Hi, I have an Arctostaphylos Dr. Hurd, southern California coast, several years old, 10 feet, that has a few large branches with yellowing and spotted leaves... also dropping many. causes? remedy? should branches be cut out?

ANSWER:

Arctostaphylos manzanita (whiteleaf manzanita) is a wonderful shrub or small tree, native in the U.S. only to California. Apparently the "Dr. Hurd" cultivar is the result of hybridization. We were unable to locate any specific references to what might be causing problems for your plant. Some clues we turned up include that it is very drought tolerant and much more garden tolerant in Southern California; that is, it can stand some of the special treatment you will give a garden plant. However, it does not tolerate too much watering, nor water standing around its roots.
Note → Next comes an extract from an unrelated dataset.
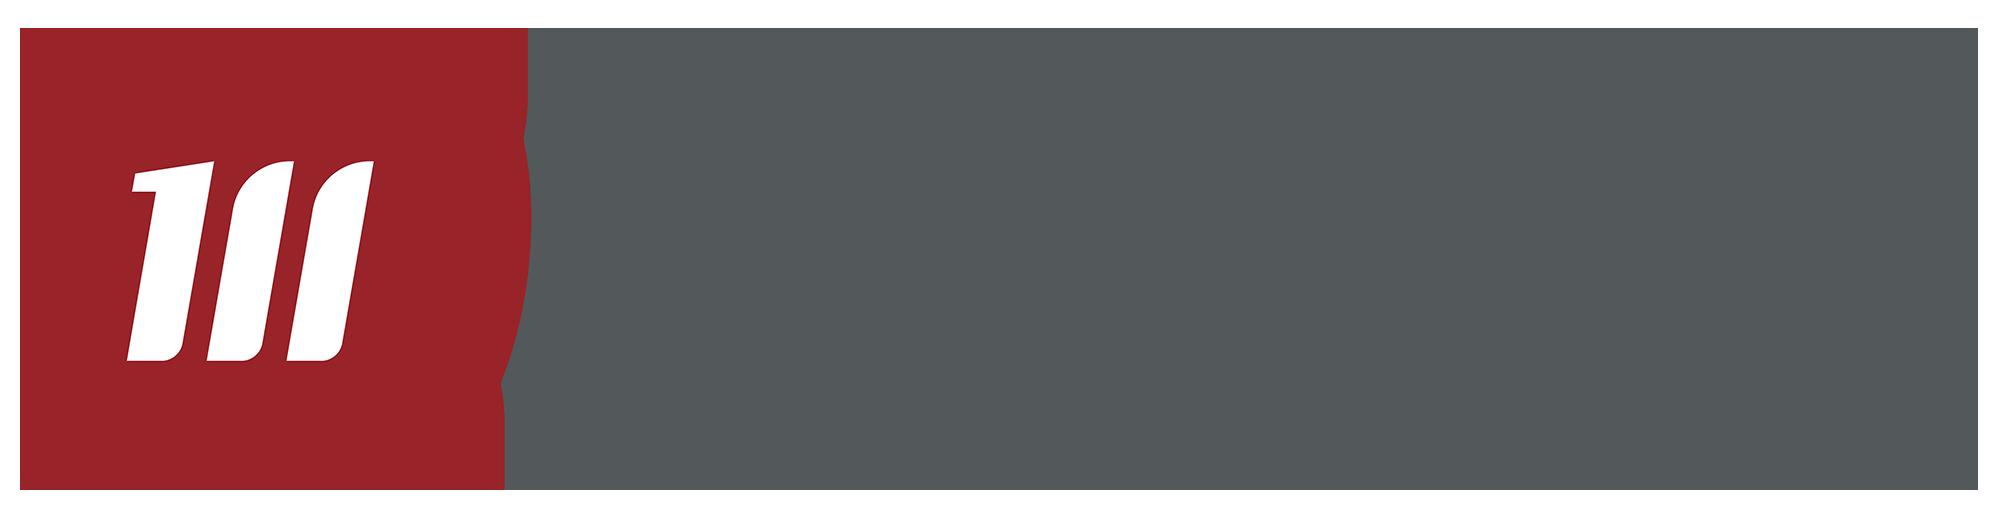 Meet the Med One Team

It needs good drainage so much that it will even do okay in beach sand, but not in salt spray. The cultivar Dr. Hurd also needs full sun, while some of the other manzanita varieties can tolerate some light or partial shade.

If you have not observed any insect infestation, and there has been no disturbance, such as construction or planting, around the roots, our best guess is that you have been treating your manzanita TOO well, watering, fertilizing, etc. as you would do other plants in your garden. Native plants are very tough, which is why we at the Lady Bird Johnson Wildflower center are so dedicated to their use and conservation. Natives are adapted to the conditions in which they originate, and need less of the kind of attention usually given to plants in the garden. The yellowing leaves, in particular, might lead us to suspect too much water or not good enough drainage. Certainly, don't cut out any branches that are not provably dead. Unfortunately, we can't write a prescription for a medicine that will make your plant all well, so we'll recommend watchful waiting, cut off the sprinkler system if you have one aimed at the plant, and hope its own native strengths will pull it through.